Diaspora libanaise en Mauritanie : les bâtisseurs discrets sortis des sables

C'est la plus effacée des implantations libanaises d'Afrique de l'Ouest, celle qu'aucun recensement ne chiffre vraiment. Pourtant, de l'Afrique-Occidentale française à la fondation de Nouakchott, des négociants venus du Mont-Liban ont accompagné la naissance d'un pays sorti du sable.

Barque de pêcheurs chargée de sardines sur la plage de Nouakchott, en Mauritanie

Valirian Guillot, via Wikimedia Commons (CC BY 2.0)

Dans la longue cartographie de la diaspora libanaise en Afrique, la Mauritanie occupe une place à part : celle du maillon oublié. Là où la Côte d'Ivoire compte ses dizaines de milliers de Libanais et le Sénégal sa communauté centenaire, Nouakchott n'aligne aucun chiffre, aucune statue, aucune plaque. Et pourtant la présence libanaise y est réelle, ancienne, et tissée à la naissance même du pays. C'est l'histoire d'une implantation discrète qui, faute d'être nombreuse, a longtemps été invisible, mais qui appartient pleinement au grand récit de la mobilité libanaise vers l'Ouest africain.

Un territoire de l'AOF libanaise

La Mauritanie n'est pas une exception dans le maillage de l'Afrique-Occidentale française. Dans son ouvrage de référence Interlopers of Empire. The Lebanese Diaspora in Colonial French West Africa (Oxford University Press, 2014), couronné par la Royal Historical Society, l'historien Andrew Arsan retient six territoires où les migrants venus du Mont-Liban se sont installés sous l'administration coloniale française : le Sénégal, la Côte d'Ivoire, le Mali, la Guinée, le Bénin et la Mauritanie.

Le mécanisme était partout le même. Pour encadrer les circuits commerciaux de la fédération, de l'arachide aux matières premières, la puissance mandataire et coloniale française avait besoin d'intermédiaires mobiles, capables de tenir les comptoirs entre le négoce européen et les producteurs locaux. Ces Syro-Libanais, arrivés par vagues depuis la crise de la soie et les famines du Mont-Liban ottoman, ont occupé ce rôle d'intermédiaires d'un bout à l'autre de l'AOF. En Mauritanie, immense, désertique et peu peuplée, cette présence est restée plus ténue qu'ailleurs, mais elle s'inscrit dans la même logique.

Nouakchott, une capitale et ses pionniers

C'est au moment où la Mauritanie s'invente une capitale que la trace libanaise devient la plus concrète. En 1957, le pays décide de rapatrier son chef-lieu, jusque-là installé à Saint-Louis au Sénégal, sur son propre sol. La première pierre de Nouakchott est posée le 5 mars 1958, sur un cordon de dunes où ne vivaient alors que quelques centaines d'habitants. Tout est à construire.

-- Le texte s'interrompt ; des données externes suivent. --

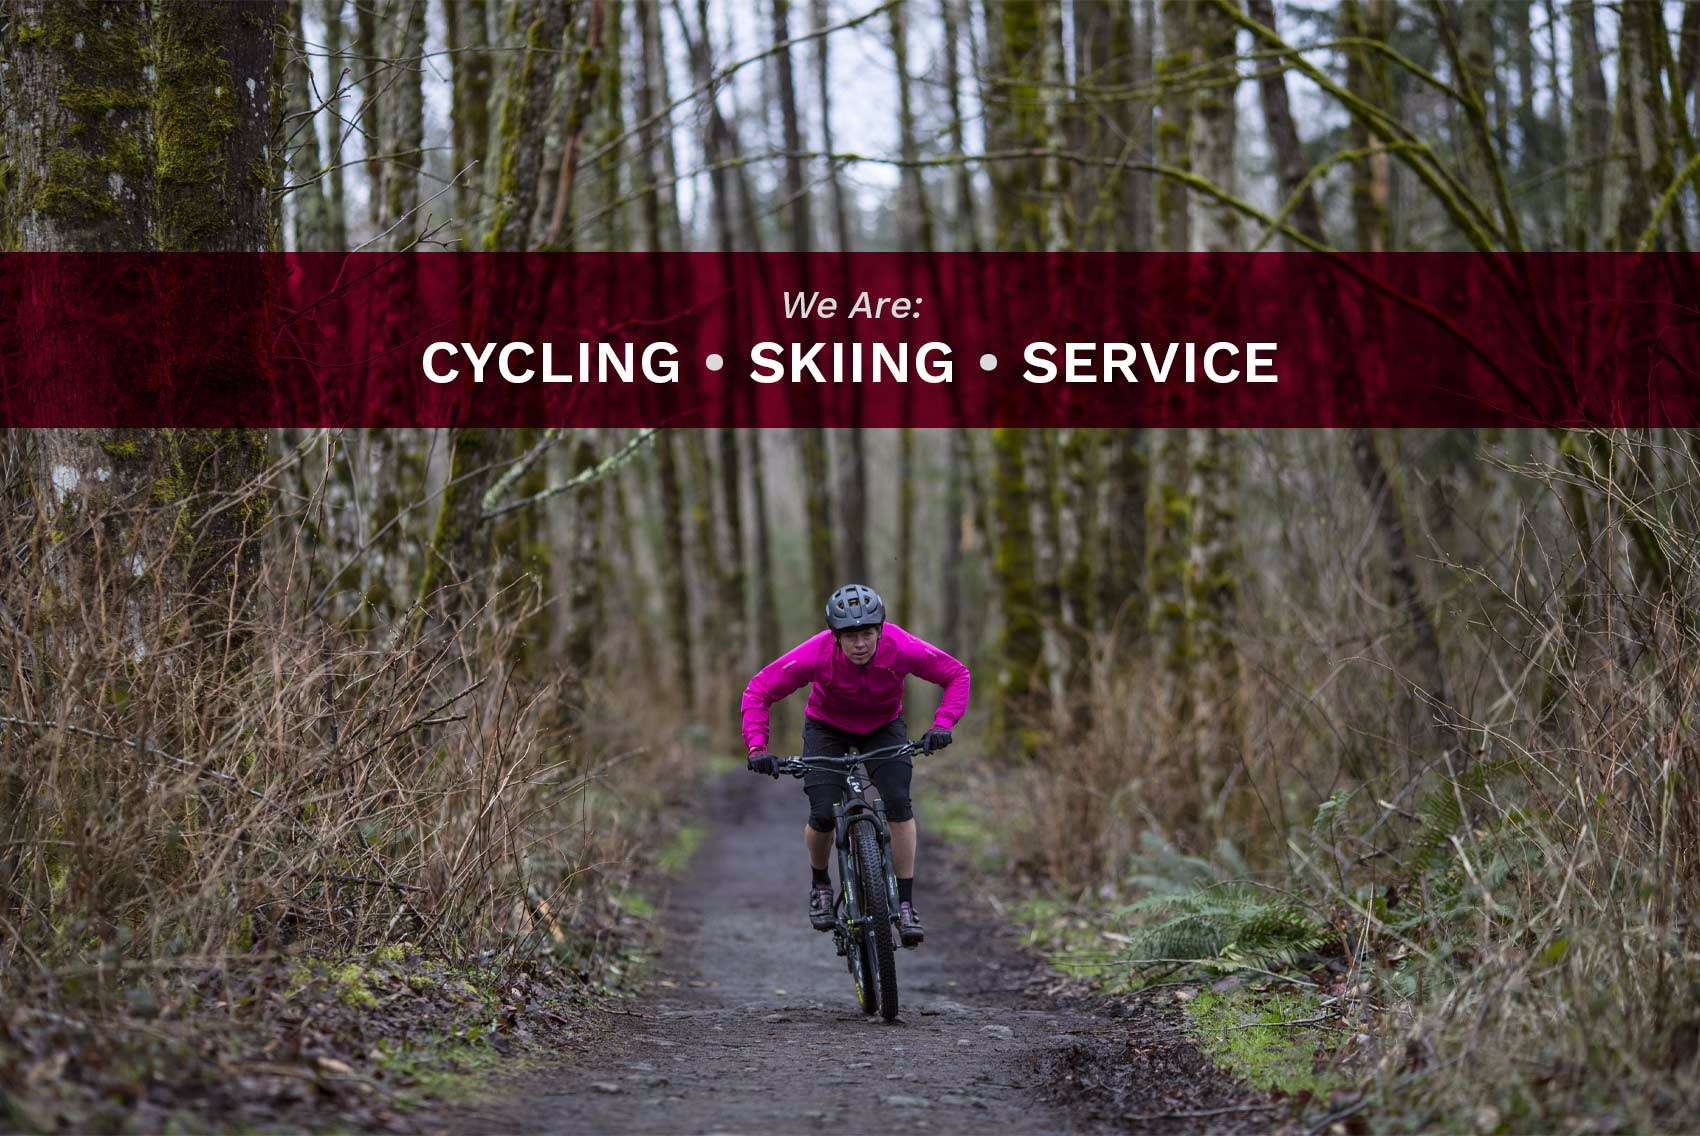 We Are: Cycling Skiing Service

Parmi les pionniers de cette ville sortie des sables figure un Libanais, Georges Nassour. Transporteur, il participe au déménagement des fonctionnaires depuis Saint-Louis vers la nouvelle capitale et achète, sans même l'avoir vu, l'un des premiers terrains ouverts le long de l'unique route goudronnée en chantier, rapporte RFI dans son récit de la fondation de Nouakchott. Le détail est modeste, mais il dit l'essentiel : au premier jour d'un État qui se dressait dans le désert, un fils de la diaspora libanaise était déjà là, à jouer les intermédiaires et les logisticiens.

Cette place n'a rien d'anecdotique pour une ville que l'Encyclopédie Universalis décrit comme organisée non pas autour d'une médina et de sa mosquée, à la manière des cités du Maghreb, mais autour de ses marchés, pôles de l'activité commerçante. Dans une capitale pensée par le négoce, le savoir-faire marchand libanais avait naturellement sa place.

La pêche, terrain économique d'aujourd'hui

Si l'histoire ancienne relève surtout du commerce général, le rôle économique contemporain se déplace vers la mer. La pêche est le poumon de la Mauritanie : elle représente plus de la moitié des recettes d'exportation du pays, selon l'autorité de la zone franche de Nouadhibou, et fait l'objet de programmes de développement portuaire soutenus par la CNUCED. Nouakchott concentre l'exportation du poisson frais, Nouadhibou celle du congelé et du réfrigéré.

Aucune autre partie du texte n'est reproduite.